I'm sure Flash does more than video, but I've been running (on Windows XP/Firefox) FlashBlock for the last four months, and I've never seen anything but Video and SlideShows when I've clicked on the "F". I'm guessing there is an entire game ecology that I've never tripped across, but, well, the iPhone OS isn't particularly lacking in that area... :-)


"Everyone was scrambling to get Flash ported to their mobile platform (Android, WebOS, BB)."

And now that's stopped?

BTW, "scrambling" is a bogus description. My G1 has no flash support. Google didn't didn't seem terribly concerned with shipping without it, though if and when it becomes available it will get added. It's not as though all the other mobile players have been treating Flash as the Ur media format. Mostly it's been "take it or leave it."

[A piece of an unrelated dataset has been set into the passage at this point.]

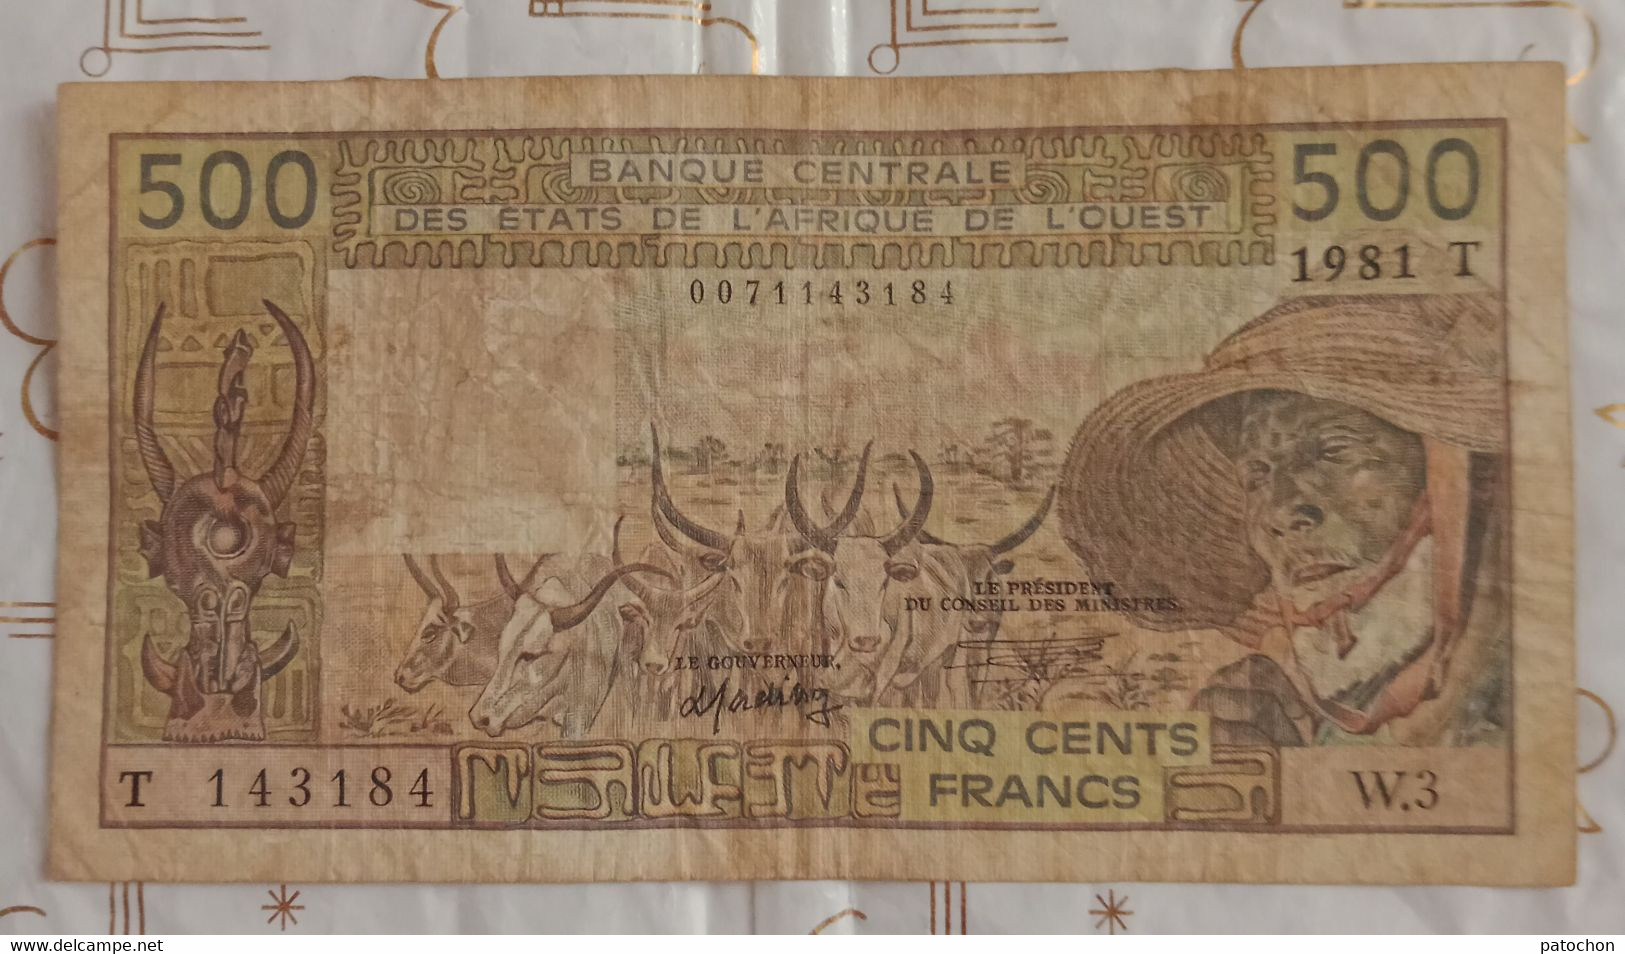 Billet 500 Francs BCEAO 1981 T N°143184 W.3 Colonies - Unclassified

Think of Apple as the catalyst. They may not be supplying the reagents to this reaction - That would be the Consumers, Publishers, and HTML 5 Technology providers (Browser Vendors - which I guess includes Apple's Safari) and Standards Bodies like W3C - but, it's Apple's refusal to put Flash on the insanely hyped, and potentially (probably?) popular iPad that shook up everyone (and I mean everyone - there is not a _single_ major content publisher that isn't reviewing their iPad strategy right now).

"Single Handily" is hyperbole, but it isn't incorrect to say that Apple _greatly_ accelerated the adoption of the open standards that are going to supplement Flash.


Like "open source", "open standard" has a specific definition which includes being royalty free. So while HTML5 is an open standard, H.264 is just a standard.


I think "single handed" is potentially a little far fetched.

But the hype around the iPad is certainly a huge trigger.


Automatic device detection interests me - what does that mean?

Is that: older browsers with no HTML5 (or ones with no H.264) support will get the Flash version or iPad/iPhone will get HTML5 and everything else Flash?